Getting out of the pond is the problem
September 28, 2005
A "meniscus"—the crescent-shaped and barely visible slope
literally at water's edge—can mean life or death to an insect
the size of a speck of dust. Water bugs that tiny must summon
the energy to "surf" themselves up the problematic interface
between liquid and solid in ponds and other wet places to
escape predators or reproduce.
Menisci are all around us, "but we don't notice them
because they're so small, only a few millimeters in height,"
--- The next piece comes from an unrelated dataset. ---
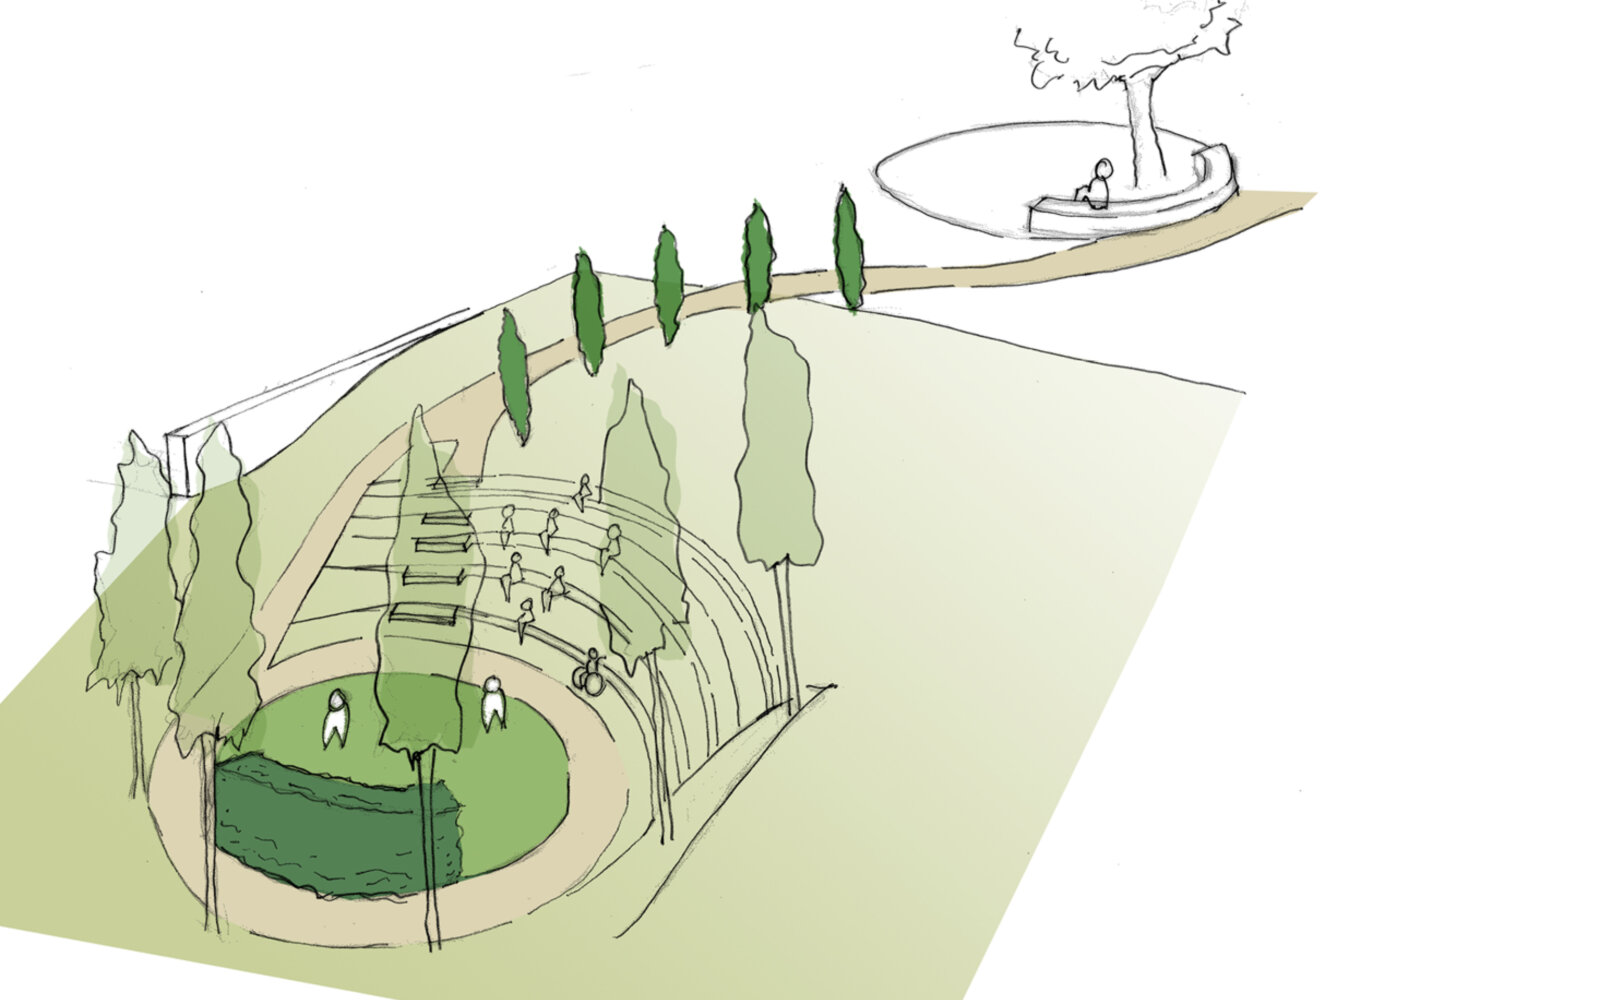 The Ruddock Performing Arts Centre landscape sketch

said mathematician David Hu of the Massachusetts Institute of
Technology. "But if you're a creature that's much smaller than
that, those slopes "are like frictionless mountains," said Hu.
"Plus, it's slippery."
Now, Hu and coworker John Bush have done the math to
explain how nearly weightless water walkers find the traction
to ascend a wall of water several times their height. Such
obstacles, which are almost invisible to humans, may surround
a leaf floating in a stream or a stone on the riverbank.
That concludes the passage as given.